Ramda: Lazy but finite reduce for recursive data structures and an unbounded number of reducers (see comments)

Created on 15 Mar 2017 · 55Comments · Source: ramda/ramda

Good day everyone!

Over the past weeks we've been working with arbitrarily nested objects and arrays (mixed altogether), up until we've spotted the necessity of a recursive reduce function that could be used to transform, but at least to obtain, certain if not every property of this nested structure, which could also be stopped at any given point if a condition is sufficient. Essentially, we've been looking at what in haskell would be a fold takeWhile, but for deep/recursive objects/arrays.

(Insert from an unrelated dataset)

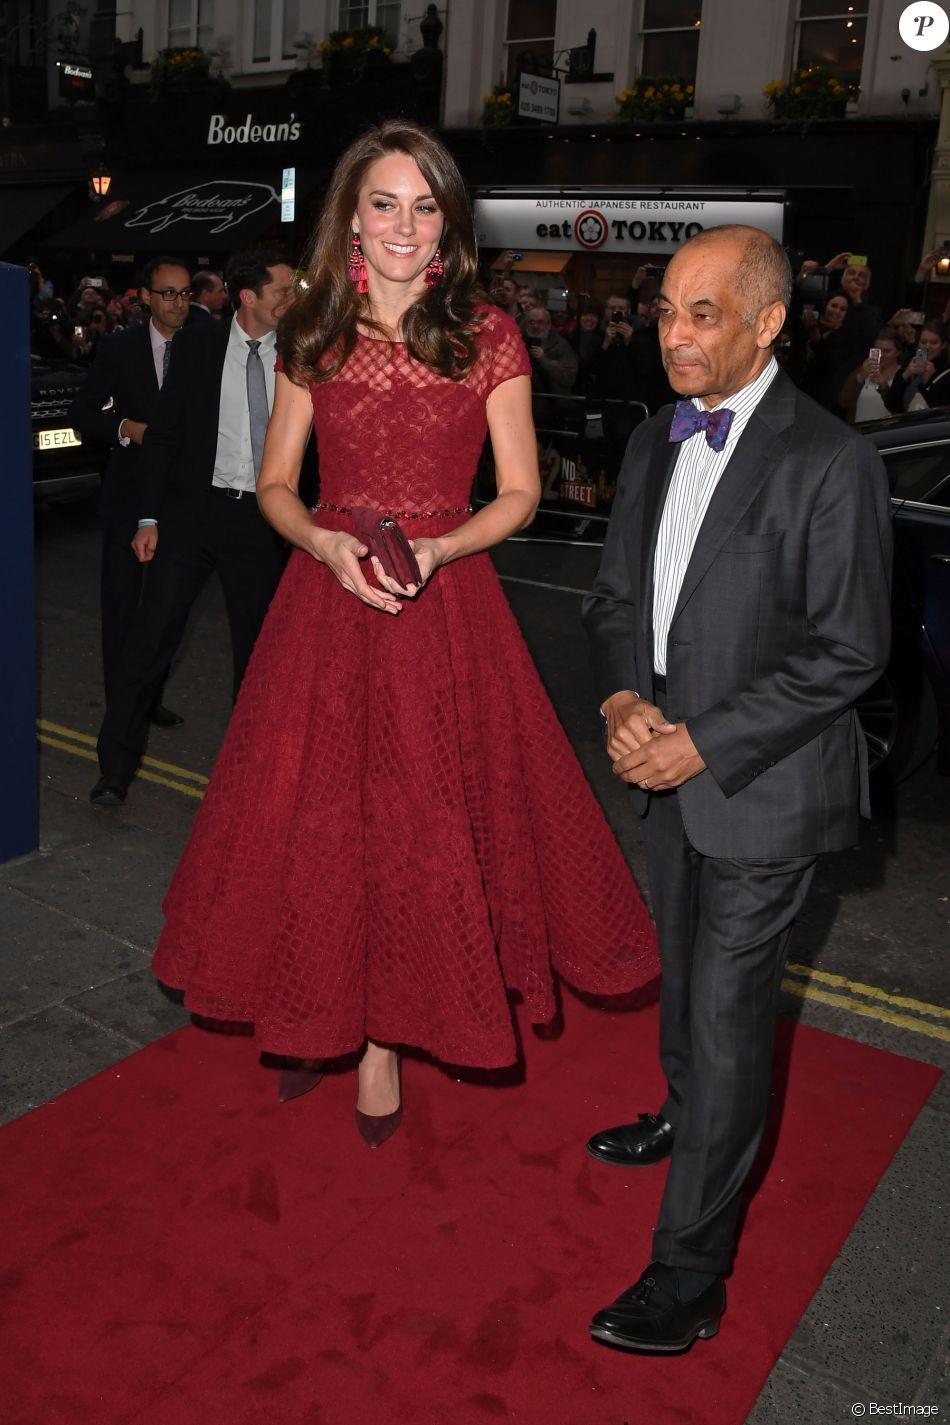 Kate Middleton, duchesse de Cambridge, en robe Marchesa, a assisté à la première de la comédie musicale 42nd Street donnée au Théâtre royal de Drury Lane à Covent Garden au profit des hôpitaux pour enfants East Anglia's Children Hospices (EACH) dont elle est la marraine.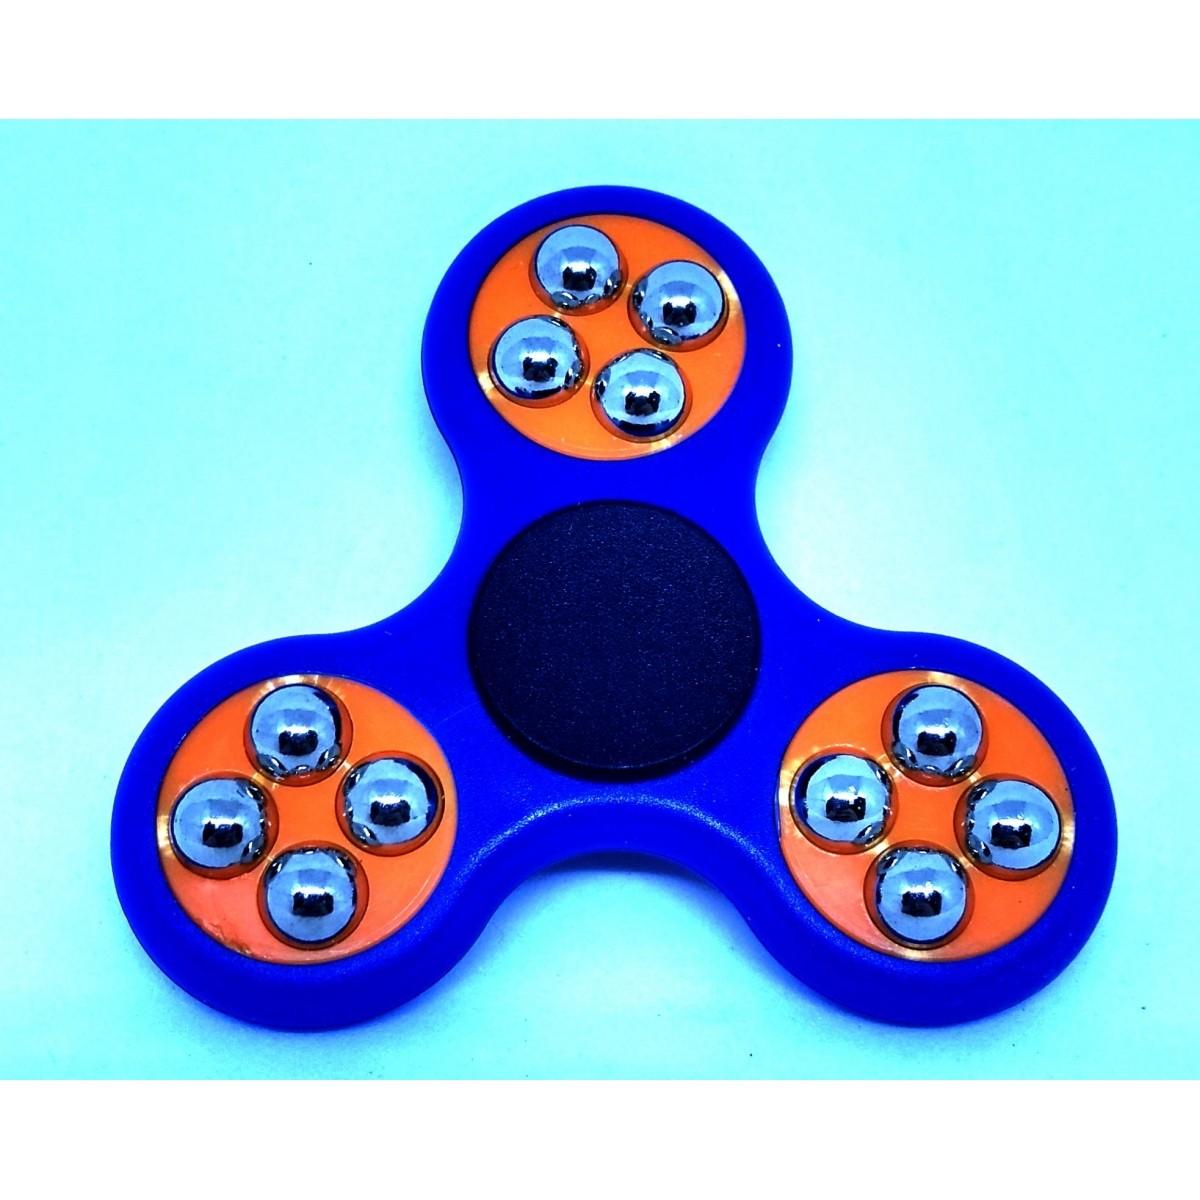 Hand Spinner com bolinhas Azul e Laranja - Rolamento Anti Estresse Fidget Hand Spinner

After several iterations, the function valid for these use cases that we haven't been able to simplify anymore is the following:

// Recursive fold takeWhile (like in haskell)
// fn is the iterator
// obj is the iteratee
// r is the accumulator
const foldWhile = (fn, obj, r = []) => {
  let innerFold = o => !(typeof o === 'object') ? o
    : Object.keys(o).every(k => fn(r, o[k], k) && innerFold(o[k]))
  innerFold(obj)
  return r
}

_Note: this is implemented with lodash in our code, but since it doesn't need lodash, I'm using generic es6 to show what it does._
_Note2: Besides using functions from the Ramda ecosystem, this would benefit from a trampoline._

The main point of the function is combining the use of every recursively to stop at any point of the (_lazy_) evaluation of the nested object/array, with the use of an accumulator, which is handled to the user.

To see use cases and tests, see this gist: https://gist.github.com/sadasant/de106b879c61f21797dffdaa577f7868

We have been looking for opensource alternatives, but we haven't been successful.

I know that there have been several issues in this repo about lazy evaluation and nested data structures, however there doesn't seem to be an agreement on how to combine both the nested structures and the stopping of the fold at any given point. I know that Ramda has reduceWhile and until, but they don't work over nested structures, right?.

Having that said,
I wonder if this is interesting to anybody. We would definitely prefer using opensource instead of maintaining our own code.

Thank you for the time.

Source

sadasant

👍6 ❤2 🎉2

Most helpful comment

i'm interested in seeing a PR for this

buzzdecafe on 20 Mar 2017

❤1 👍1

All 55 comments

( I also asked this on lodash https://github.com/lodash/lodash/issues/3058 )

sadasant on 15 Mar 2017

Here's an alternative that works for infinitely many reducers (pardon my lodash):

// Recursive reduce nested objects of any kind that
// stops at any point if a falsy value is returned.
export const flowReduce = (...fns) => (obj, acc = []) => {
    if (typeof obj !== 'object') return acc
    let _acc = acc
    const type = typeof acc
    _.every(key => {
        const pass = _.every(f => {
            let result = f(_acc, obj[key], key)
            if (typeof result === type) _acc = result
            return result
        }, fns)
        if (pass) _acc = flowReduce(...fns)(obj[key], _acc)
        return pass
    }, _.keys(obj))
    return _acc
}

Simple test with mutable referenced accumulators:

expect(f.flowReduce(acc => acc < 3, acc => ++acc)([ 1, 2, 3, 4 ], 0)).to.equal(3)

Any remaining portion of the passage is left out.